» DATASET CONTENT:
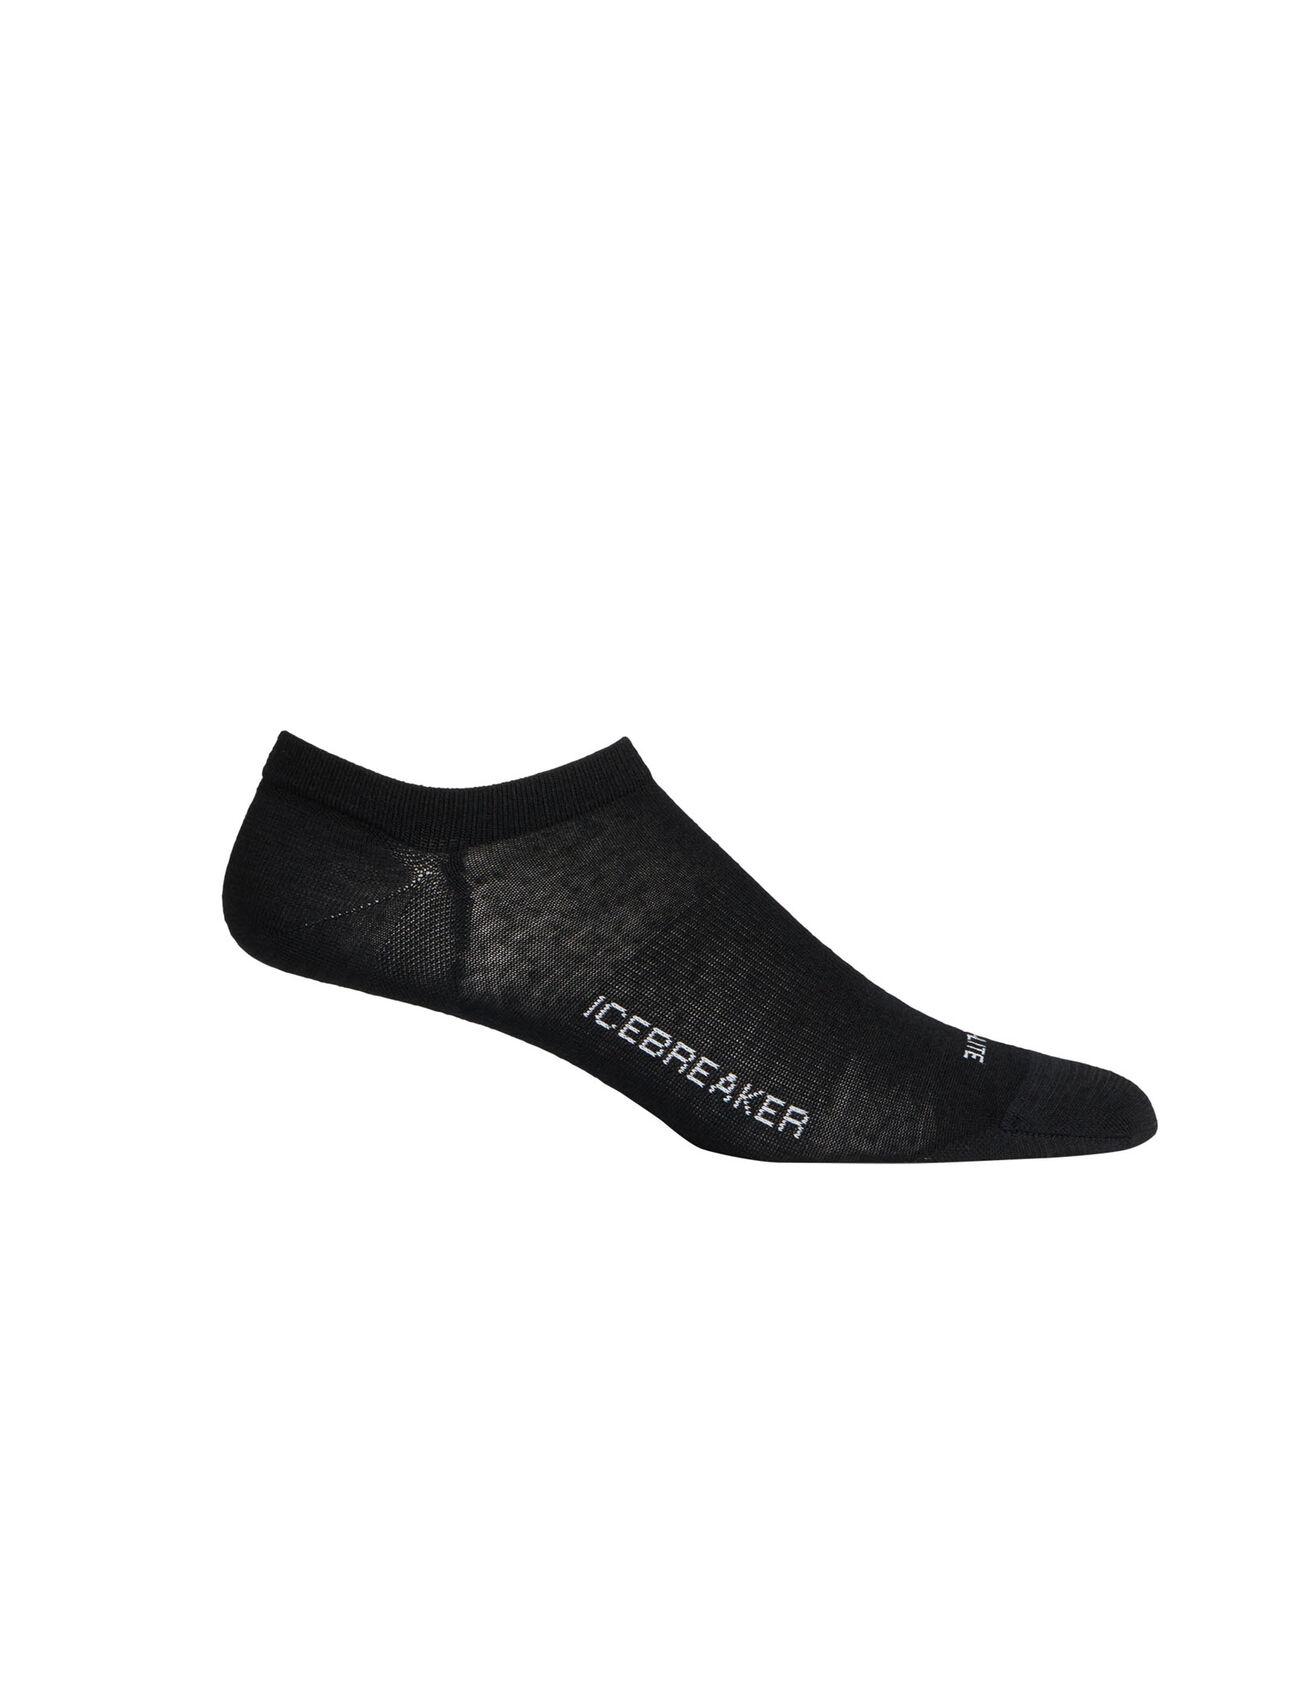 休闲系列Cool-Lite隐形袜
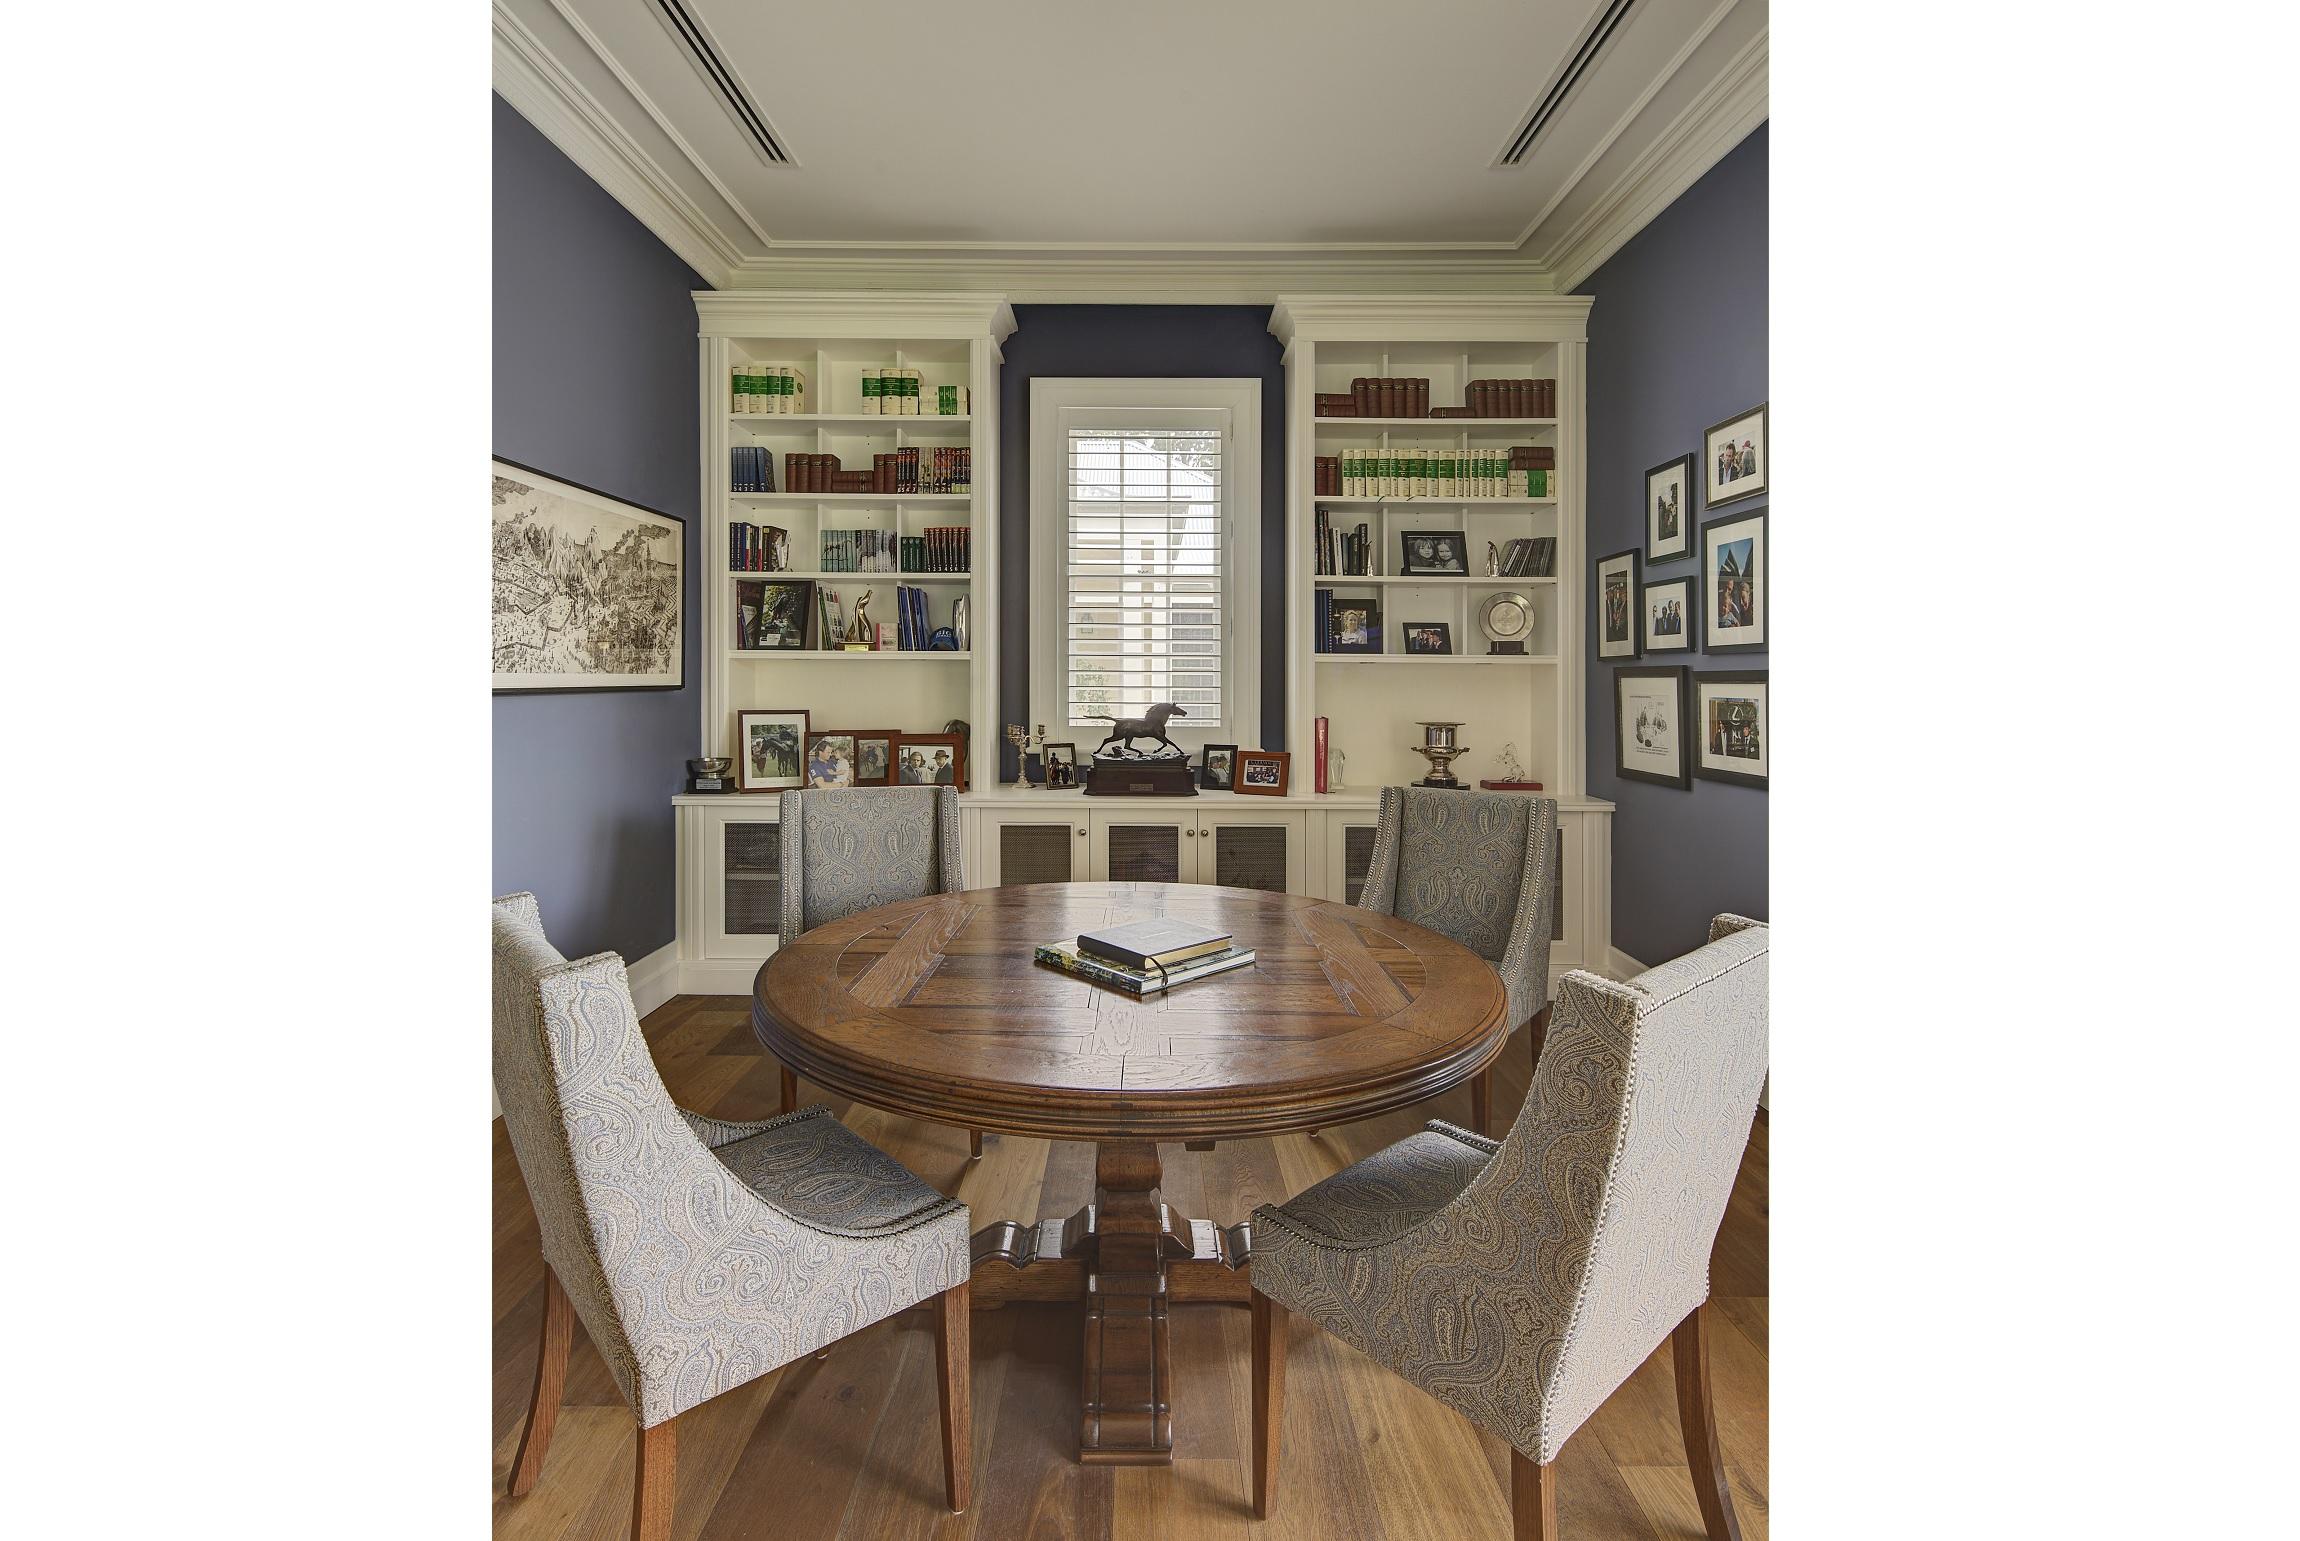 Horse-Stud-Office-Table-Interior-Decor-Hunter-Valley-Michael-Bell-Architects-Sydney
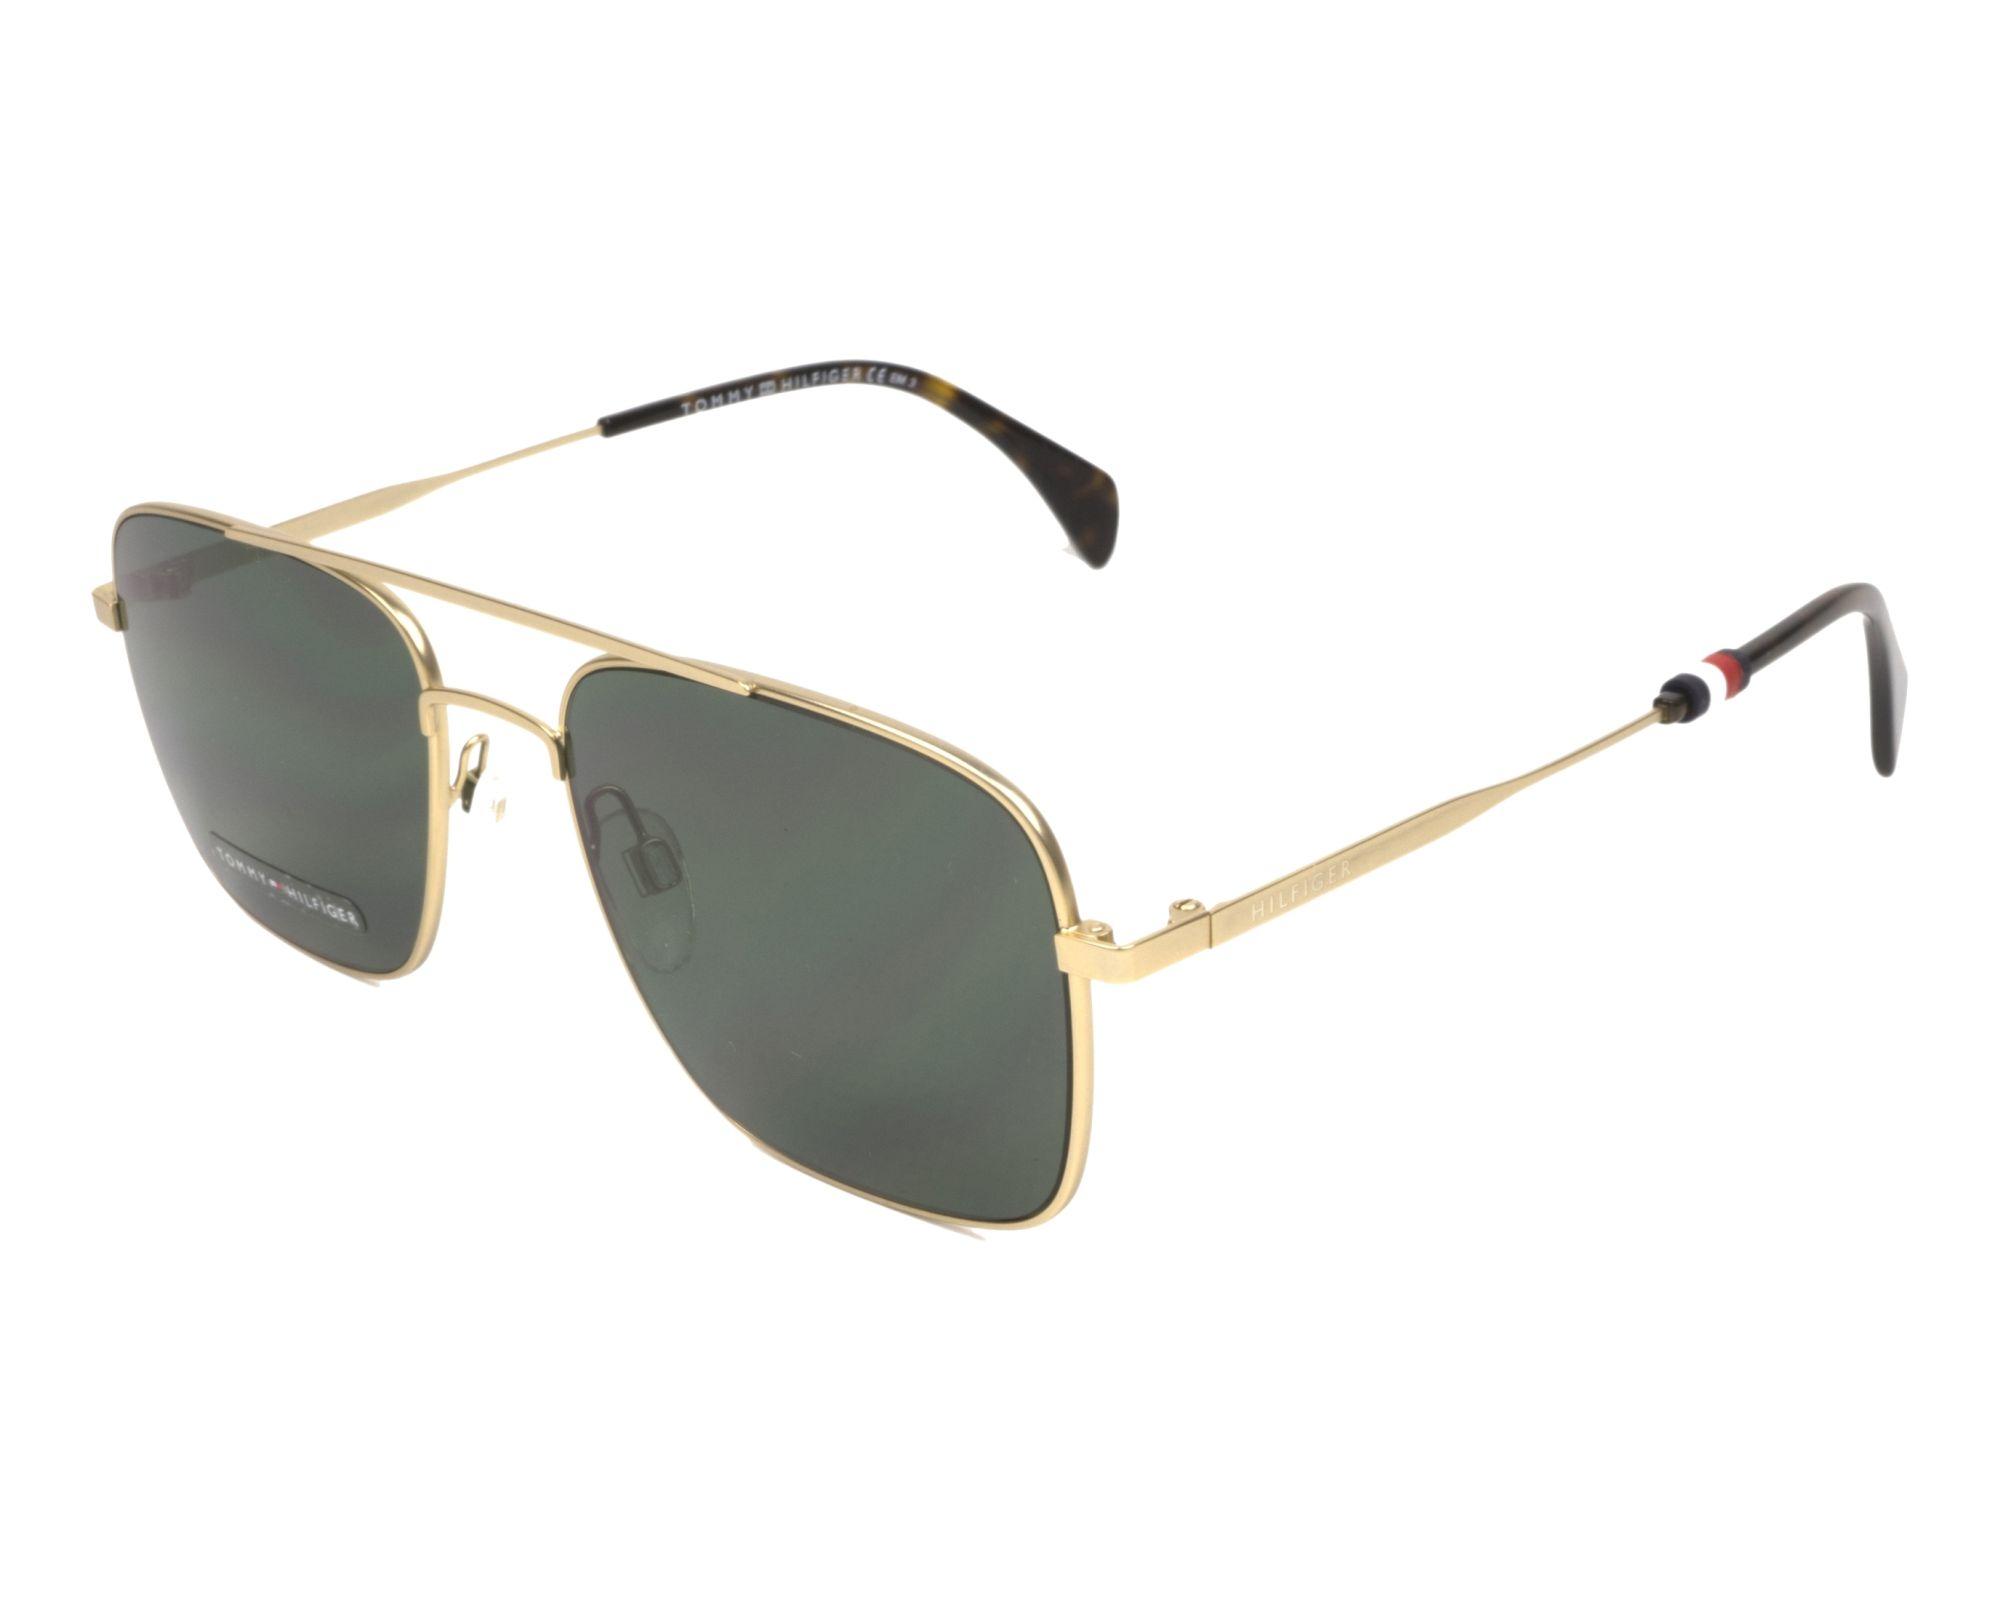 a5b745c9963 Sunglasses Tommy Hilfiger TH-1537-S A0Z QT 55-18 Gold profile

» WORK TO COMPLETE: The whole listing above must be returned exactly as written, with no pictures carried over.

» ANSWER AREA:
 休闲系列Cool-Lite隐形袜
 Horse-Stud-Office-Table-Interior-Decor-Hunter-Valley-Michael-Bell-Architects-Sydney
 a5b745c9963 Sunglasses Tommy Hilfiger TH-1537-S A0Z QT 55-18 Gold profile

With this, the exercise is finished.